Till such a negotiating platform for resolving the Russian-Ukrainian conflict has been created, the most effective way to contain Russia in Ukraine is to change the format of the Minsk talks. That is, bringing them into line with the Minsk agreements.
The fact is that as of today, Russia has managed to achieve an increase in the subjectivity of CADLO in the Minsk process (so far only as subjects of negotiations). To this end, it has been solving practically only one task in the TCG since the beginning of this year - to neutralize the presence in the negotiations of representatives of internally displaced persons, who are positioned by the Ukrainian delegation as "representatives of CADLO" from Ukraine.
The instrument for the implementation of this task was introduction into the TCG of the so-called "public experts" from the "DNR-LNR", so that to remove the Ukrainian representatives of CADLO from work in the TCG in exchange for their non-participation in the negotiations, and thus leave only representatives of CADLO from Russia in the TCG.
Unfortunately, it can be stated that this tactic of Russia was partially effective.
In practice, this is expressed in the fact that representatives of CADLO from Ukraine have not taken public participation in the TCG meetings already for five months. That is, they are present in the hall, sitting at the same table with the rest of the delegation, but they are not on the monitor (consultations are carried out online), they are not speaking. This was the result of the pressure of the OSCE representatives in the TCG on the Ukrainian delegation. Thus, a temporary monopoly was actually created in the TCG for the representation of CADLO in the negotiation process for representatives of CADLO from Russia.
"Bilateral consultations" are held with them, they enjoy all the rights of individual delegations. But this completely contradicts the texts of the Minsk agreements!
In particular, the Protocol of September 5, 2014, the Memorandum of September 19, 2014, and the Package of Measures of February 12, 2015, where the TCG members (Russia, Ukraine and the OSCE), the parties to the conflict - Ukraine and Russia (paragraph 1 and paragraph 4 of the Protocol) and the functions of the CADLO representatives - consultations and agreements solely on two topics: local elections and peculiarities of local self-government (paragraphs 9 and 11 of the Package of Measures), are clearly indicated. Moreover, there are no separate representatives of CADO and CALO, as in the Minsk process. Two individual persons are specifically designated there as "representatives of certain areas of the Donetsk and Luhansk oblasts of Ukraine": Zakharchenko and Plotnitsky… However, they are no longer relevant. Who are all these Nikanorovs and Miroshniks who sit in the TCG today as representatives of CALO and CADO (although there are no such abbreviations in the text of Minsk either) is not clear, their powers have not been confirmed by anything…

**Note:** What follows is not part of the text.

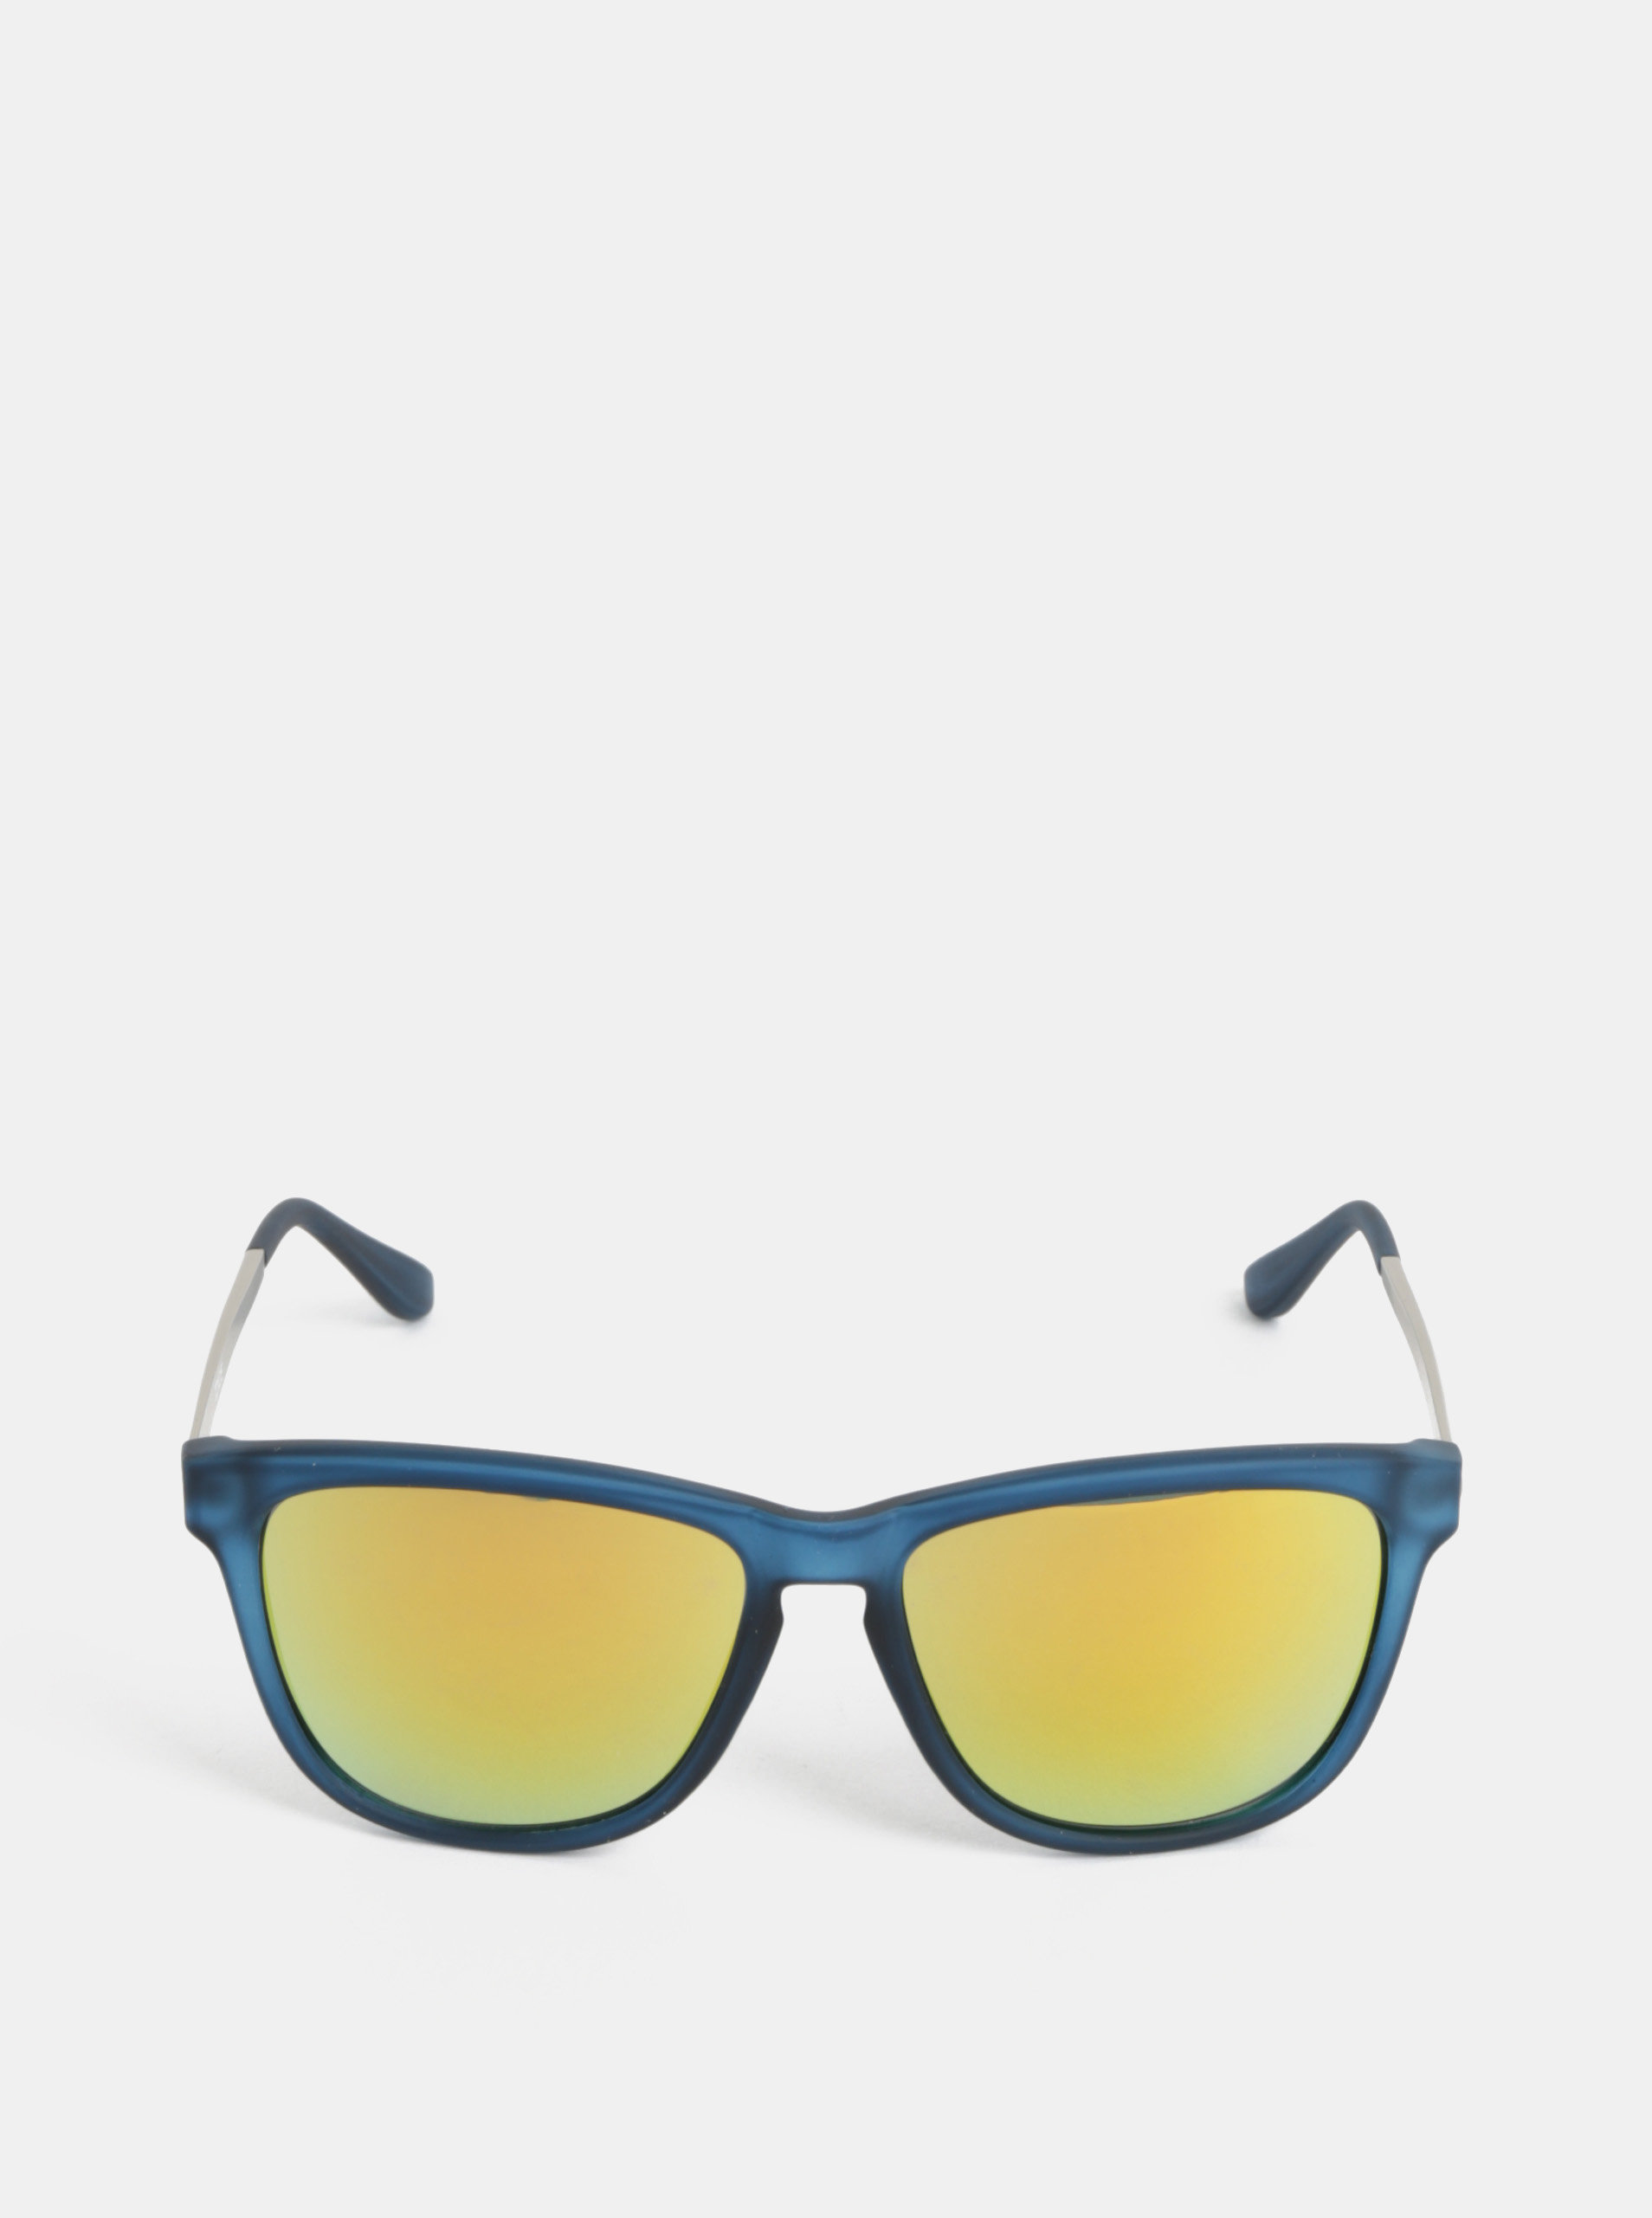 f9c813ef3 Modré pánske slnečné okuliare so zrkadlovými sklami Dice | ZOOT.sk
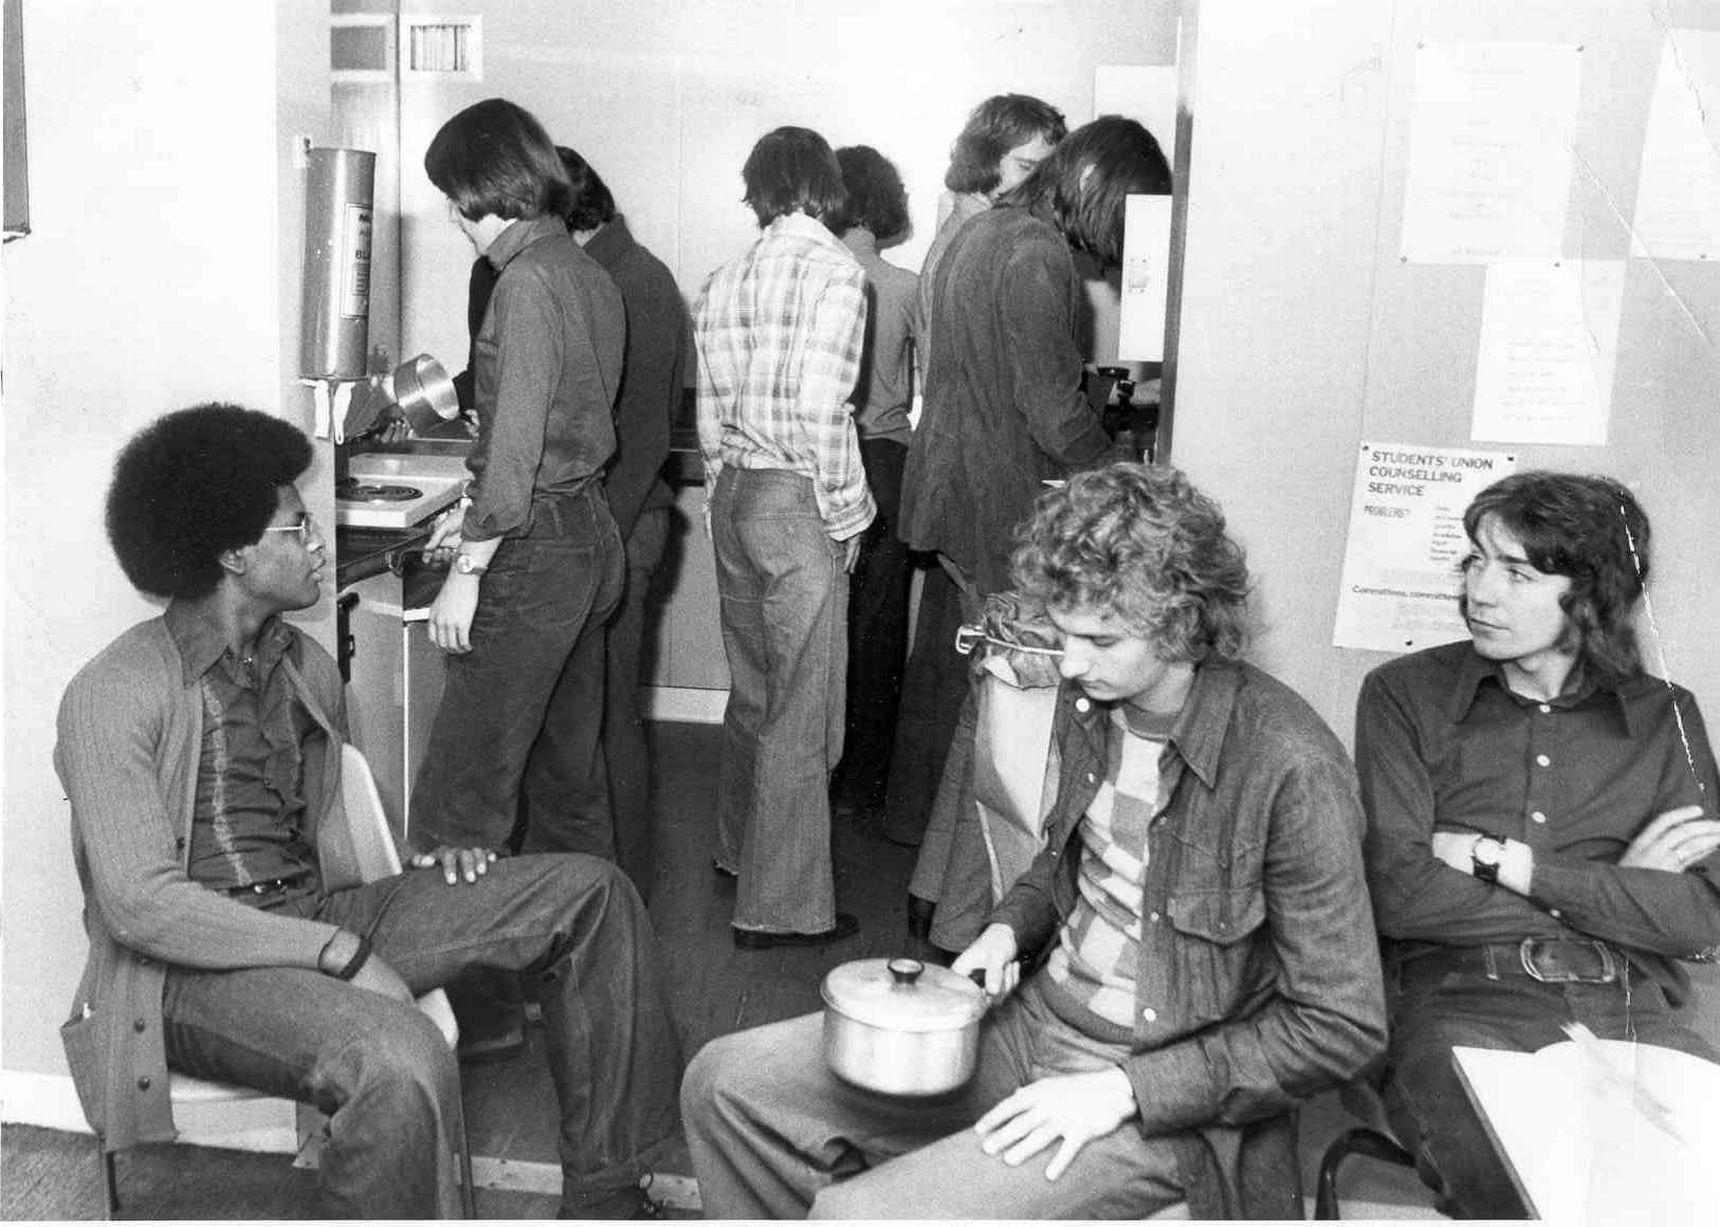 Kitchen queue (1970s)

There is no need to change the text of the Minsk agreements, or to accept any new agreements (Russia will not agree to this to the detriment of itself), - it is enough just to bring the Minsk process into line with the existing Minsk texts. This alone will lead to the emergence in the negotiations of the second party of the conflict - Russia, which means there will appear: the first - an opportunity for dialogue; the second - Moscow's responsibility for its actions in eastern Ukraine. That is, Russia will have to admit (now it denies this) that it has obligations under the Minsk agreements and decisions of the N-4. Or Moscow will have to leave this format due to its disadvantageousness, causing imminent sanctions this way…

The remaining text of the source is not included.